Ron went inside and came out dressed in standard daytime desert garb: loose light khaki shirt and trousers covering his arms and legs, engineer boots, a wide-brim straw sombrero, red bandana, and big wraparound shades. He carried a cooler, a snack bag, a shotgun, and binoculars to his VW van.

"Sorry I can't stay babe, it's my turn at the desert tortoise survey area, gotta make sure no poachers or vandals come around. Just last week, I had to stop a guy from running his big-ass dune buggy right through the barbwire enclosure. Fucking barbarians!"
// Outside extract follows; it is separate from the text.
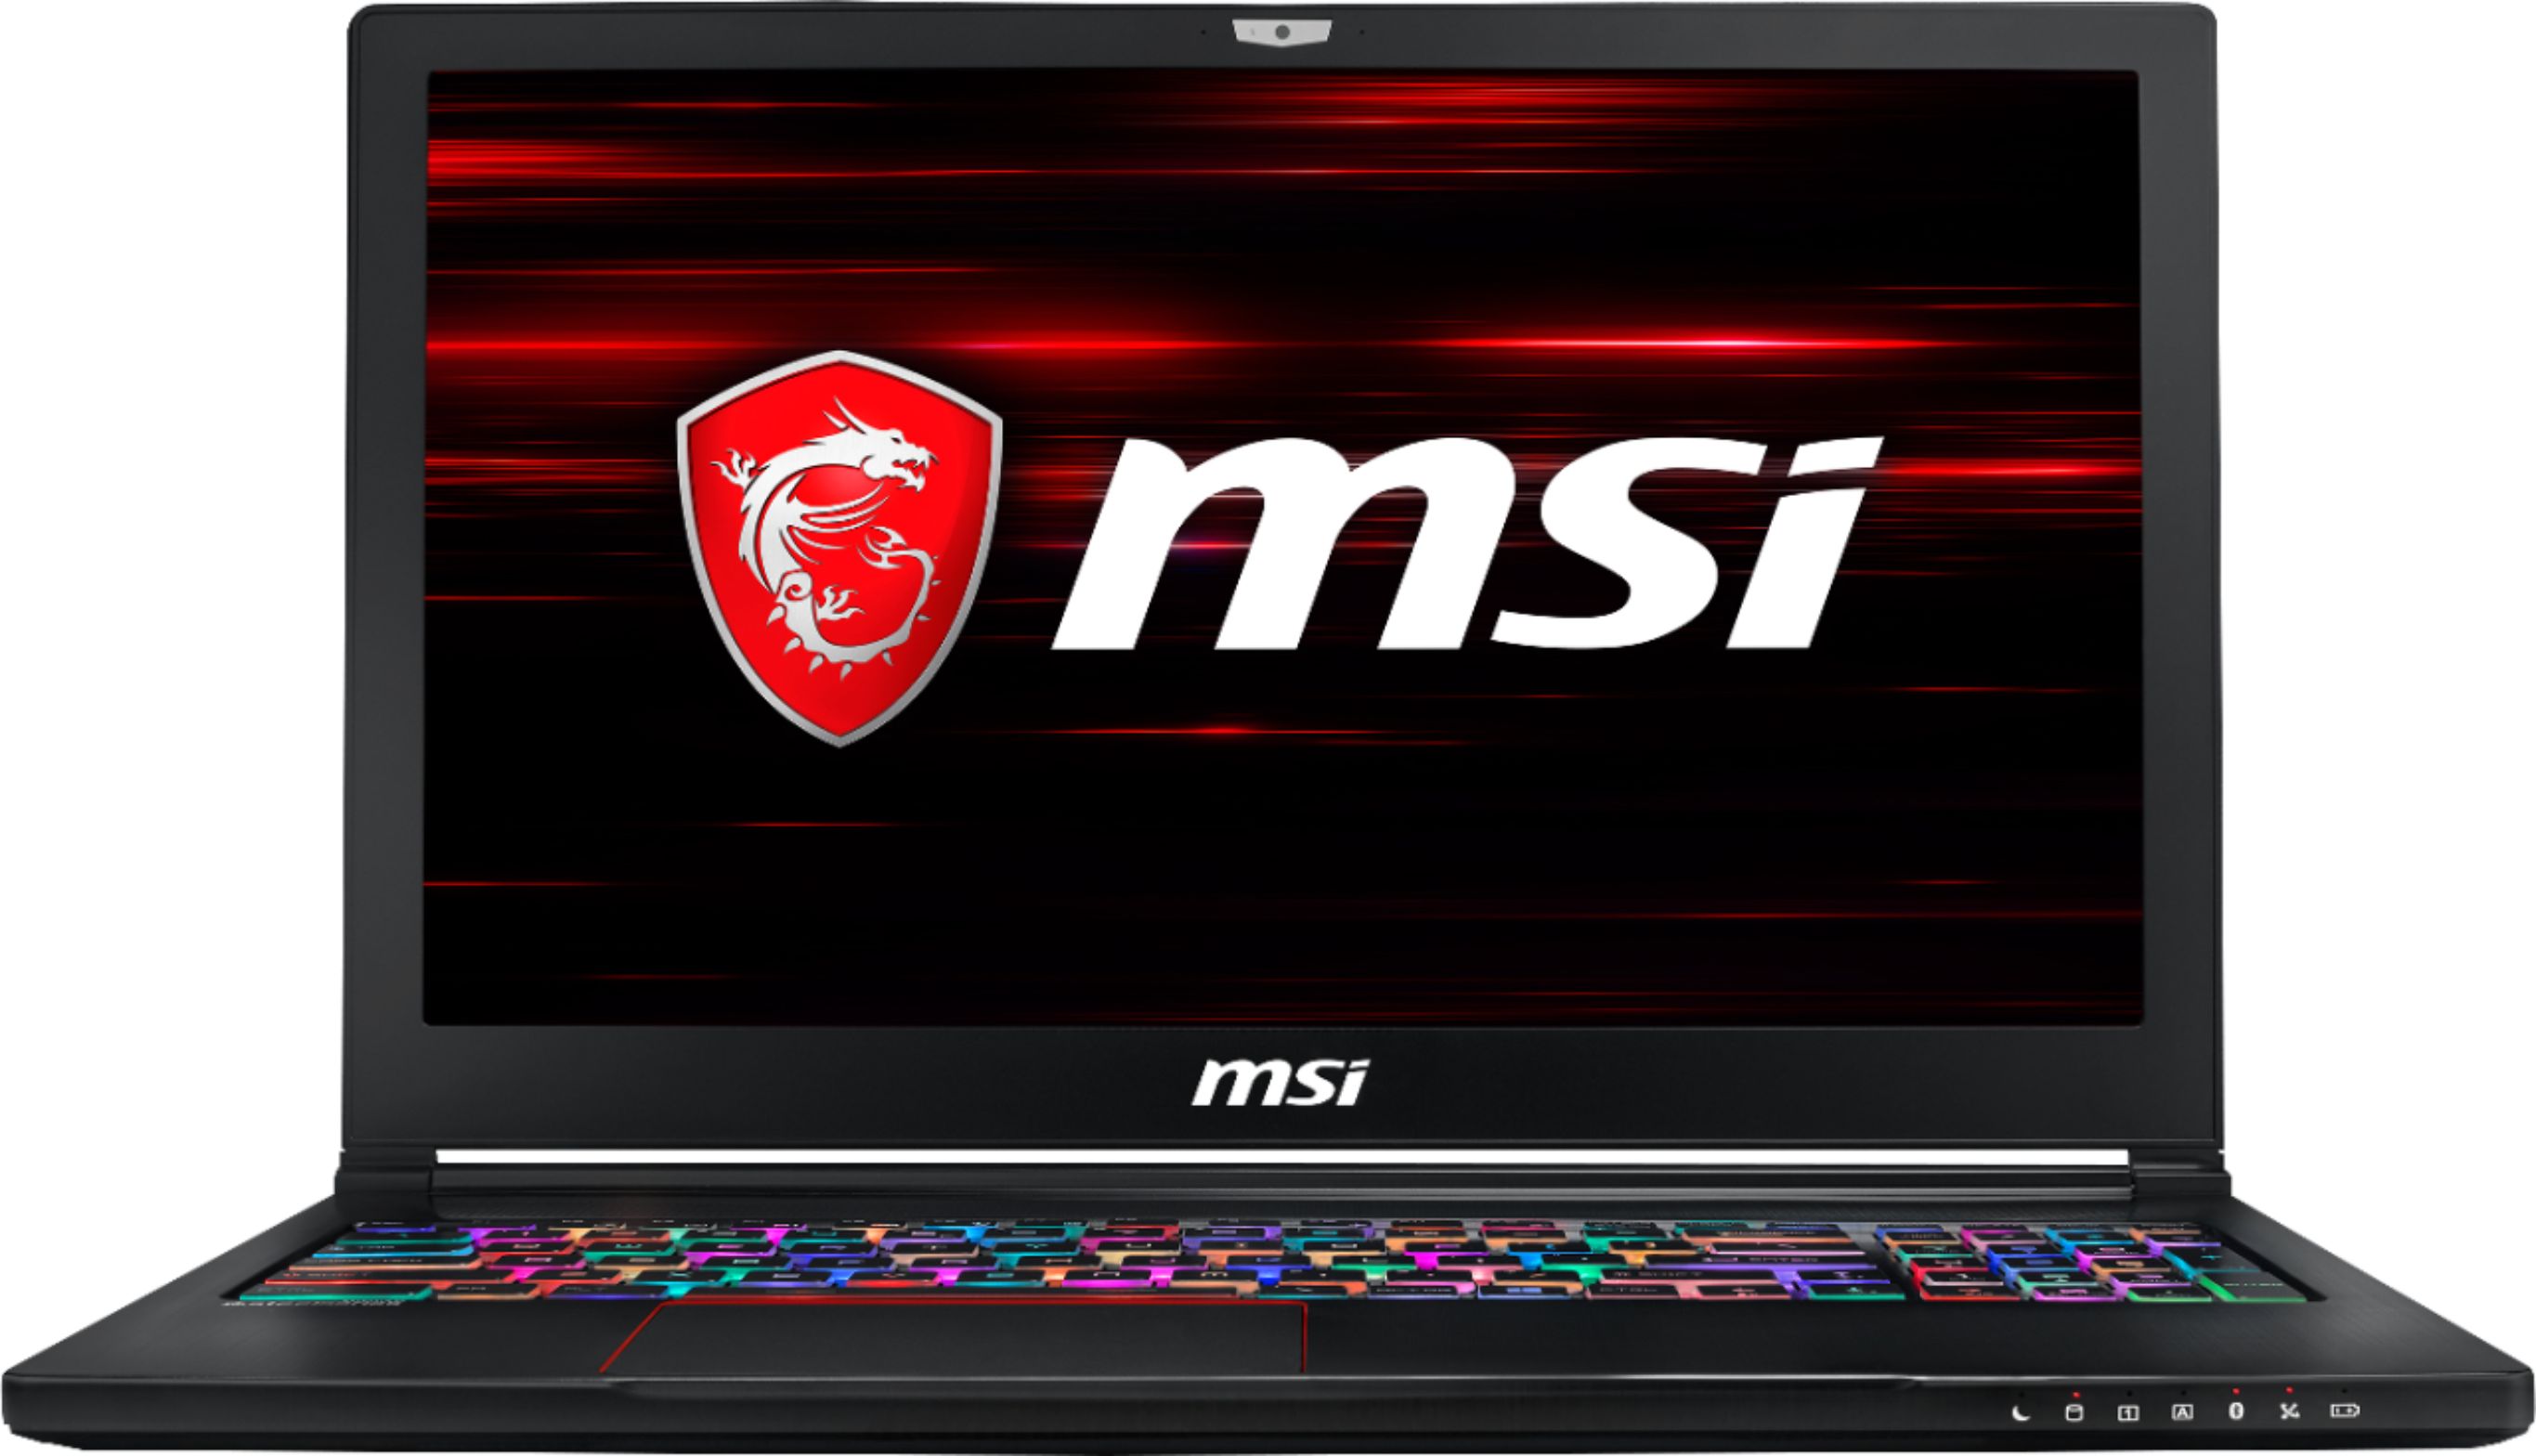 Buy: MSI 15.6" Gaming Laptop Intel Core i7 16GB Memory NVIDIA GeForce GTX 1060 1TB Hard Drive + 256GB Solid State Drive Aluminum Black GS63 STEALTH-010

Ron was so protective! I was so proud of him! He would be so easy!

Ron kissed me good-bye. "See ya tomorrow, babe!" he called.

*****

I went into the little kitchen after Ron drove off and fixed myself an instant sangria spritzer: a bottle each of red port and diet Orange Sprite (hey, a girl's gotta watch her figure!) poured into a pitcher of ice cubes. Nice and simple and strong.

I took a quick shower, then went back outside to lie naked in the shade again. A desiccated desert wind blow-dried me externally while the iced sangria wetly frosted me inside. I got nice and relaxed. I nodded off to sleepy-bye land, zzzzz...

I crawled back into consciousness with a sexy feeling oozing through me. What was that? Something stroking my calf, and thigh, and along my hip. Fingers? Rough fingers? Rougher than Ron's, I could tell. Sliding on my waist, then across my belly, then circling my tits. What?

My eyes blearily opened to see a guy squatting next to me, a pale intense guy whose firm musculature was revealed when he stood. I saw he wore only tight Speedos that left nothing to the imagination. Wow, what a nice circumcised cock! I looked up to his face eventually and recognized Jack, one of the USMC cooks who lived next door.

"Hiya there Jenny, how ya doing?" he asked, almost innocently.

"Er, ahh, yeah, I'm fine, just fine..." I mumbled, shaking my head.

"Looking good, yes you are, girl! Mind if I grab a seat?" He waved at the cheap lawn chair.

"Er, ahh, sure, yeah, go ahead. Oh, where are my manners? D'ya want some sangria?"

"Thanks, yeah." He poked into the kitchen for a big cup, poured it full, and sat.

"Hey Jack, looks like you've been swimming or something," I observed smartly. Duh.

"Yeah, I was in the plunge at the base. Too bad I had to wear these," gesturing at his oh-so-tight swimwear, what there was of it. My eyes followed his hand.

"Umm, well, you can take them off now if you want," I murmured, a bit hypnotized.